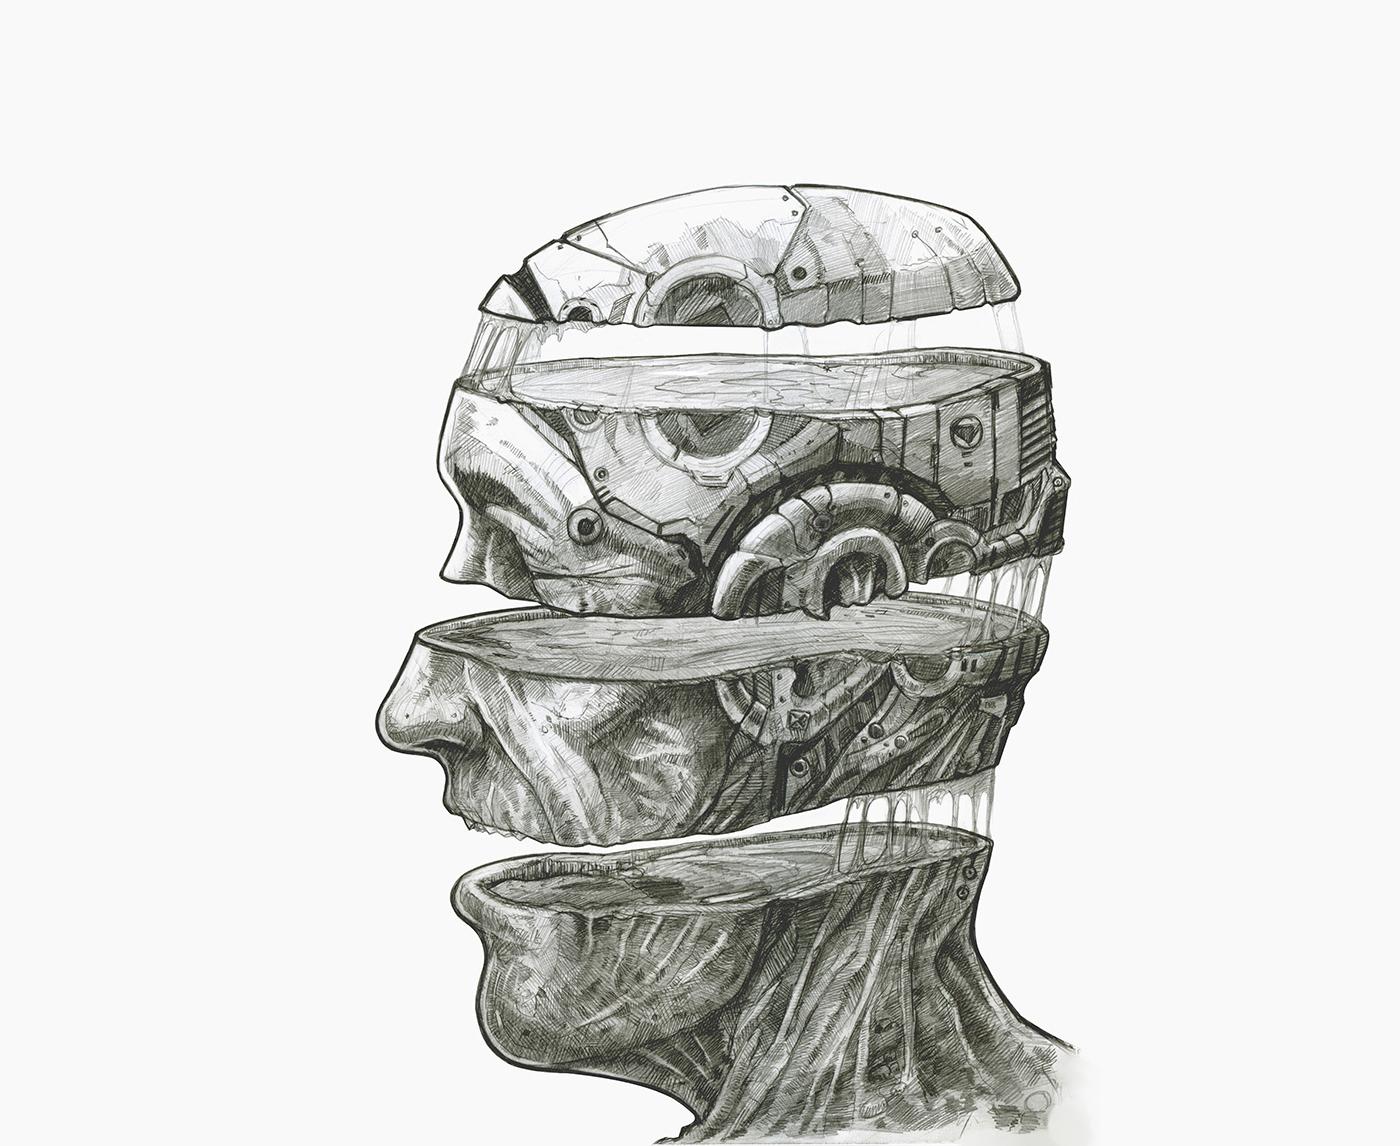 Pencil HB mind split
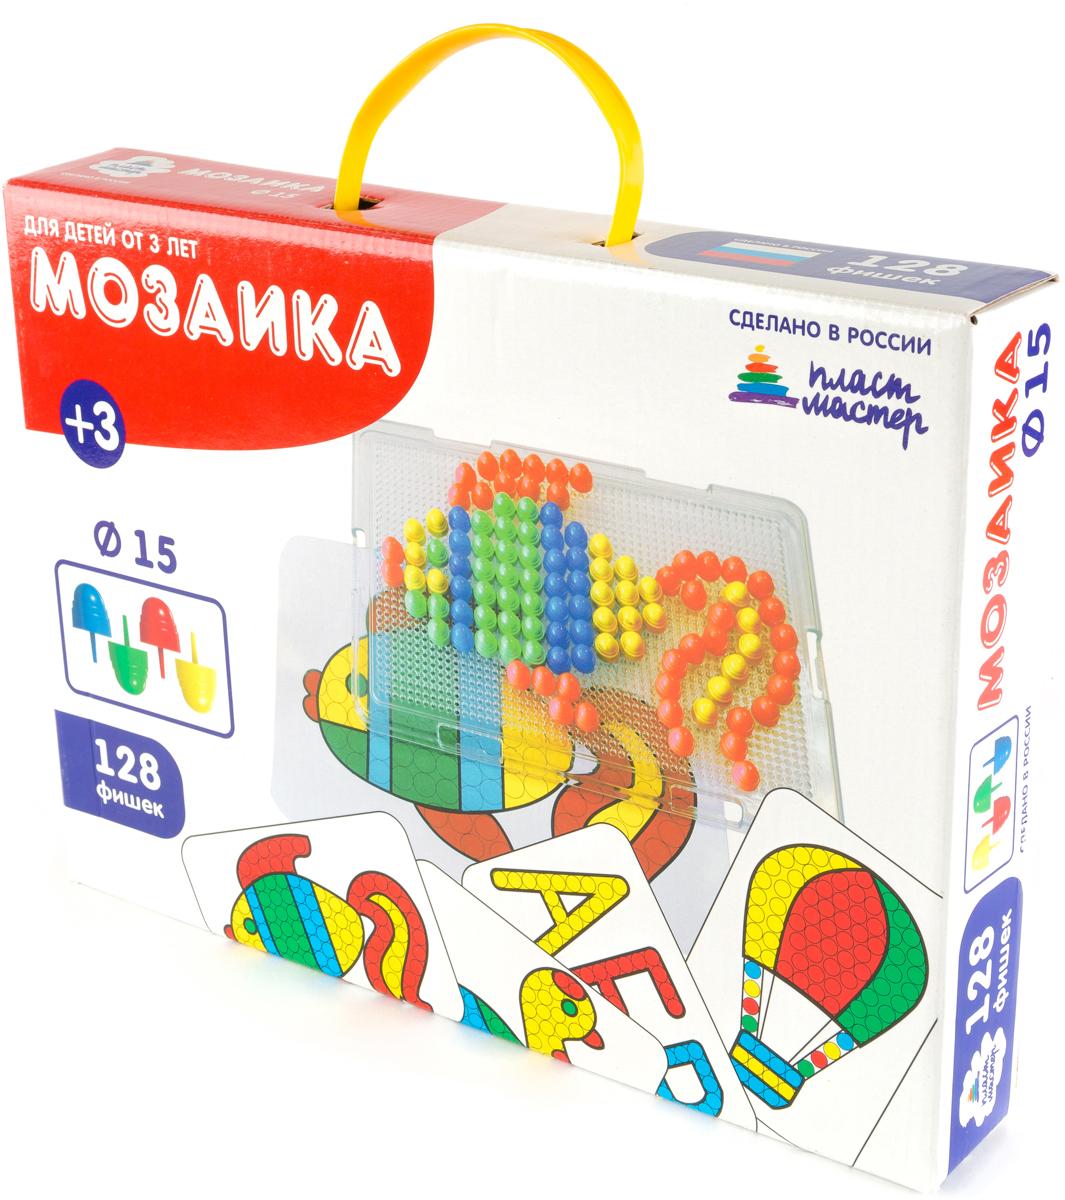 Пластмастер Мозаика с картинками d15 игра мозаика с аппликацией медовая сказка d10 d15 d20 105 5 цв 6 аппл 2 поля
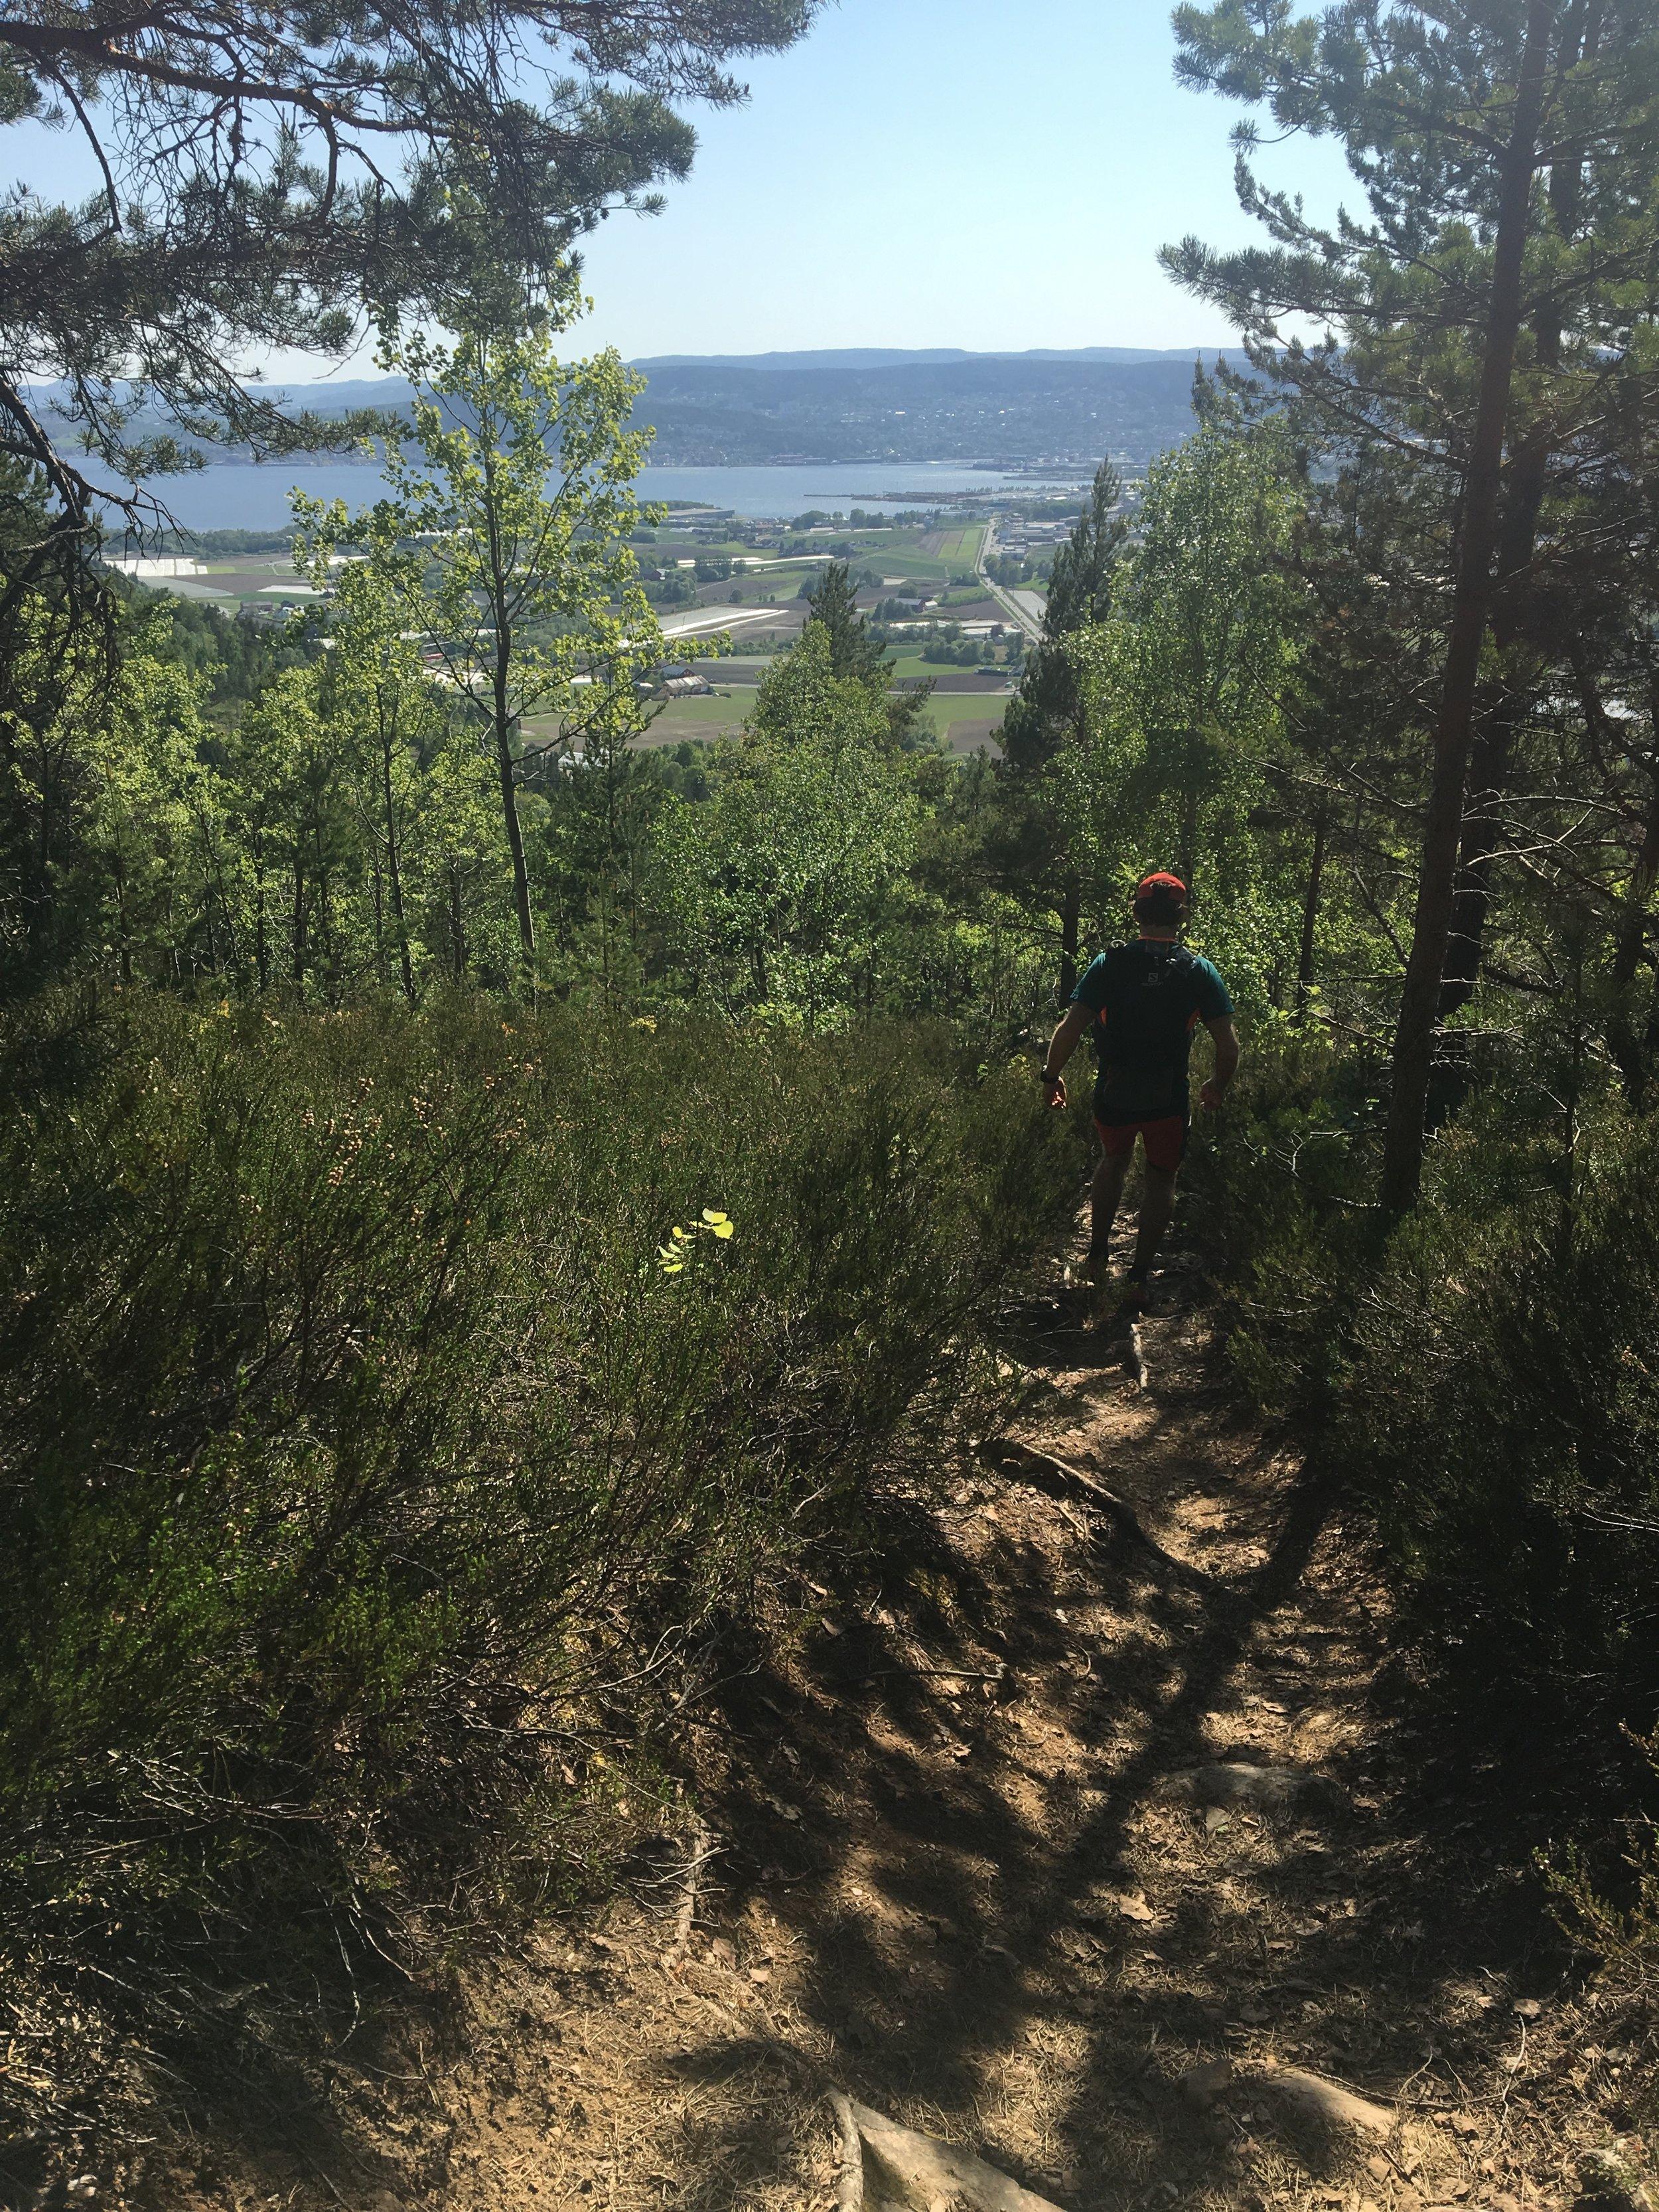 Morten på vei ned utforbakkene i Reistadlia. Drammensfjorden og veien videre i bakgrunnen.
☆ ☆ ☆ ☆ ☆
What the exercise asks.
Repeat the listing above in full, exactly, and omit its pictures.

Output for this exercise.
 Pencil HB mind split
 Пластмастер Мозаика с картинками d15 игра мозаика с аппликацией медовая сказка d10 d15 d20 105 5 цв 6 аппл 2 поля
 Morten på vei ned utforbakkene i Reistadlia. Drammensfjorden og veien videre i bakgrunnen.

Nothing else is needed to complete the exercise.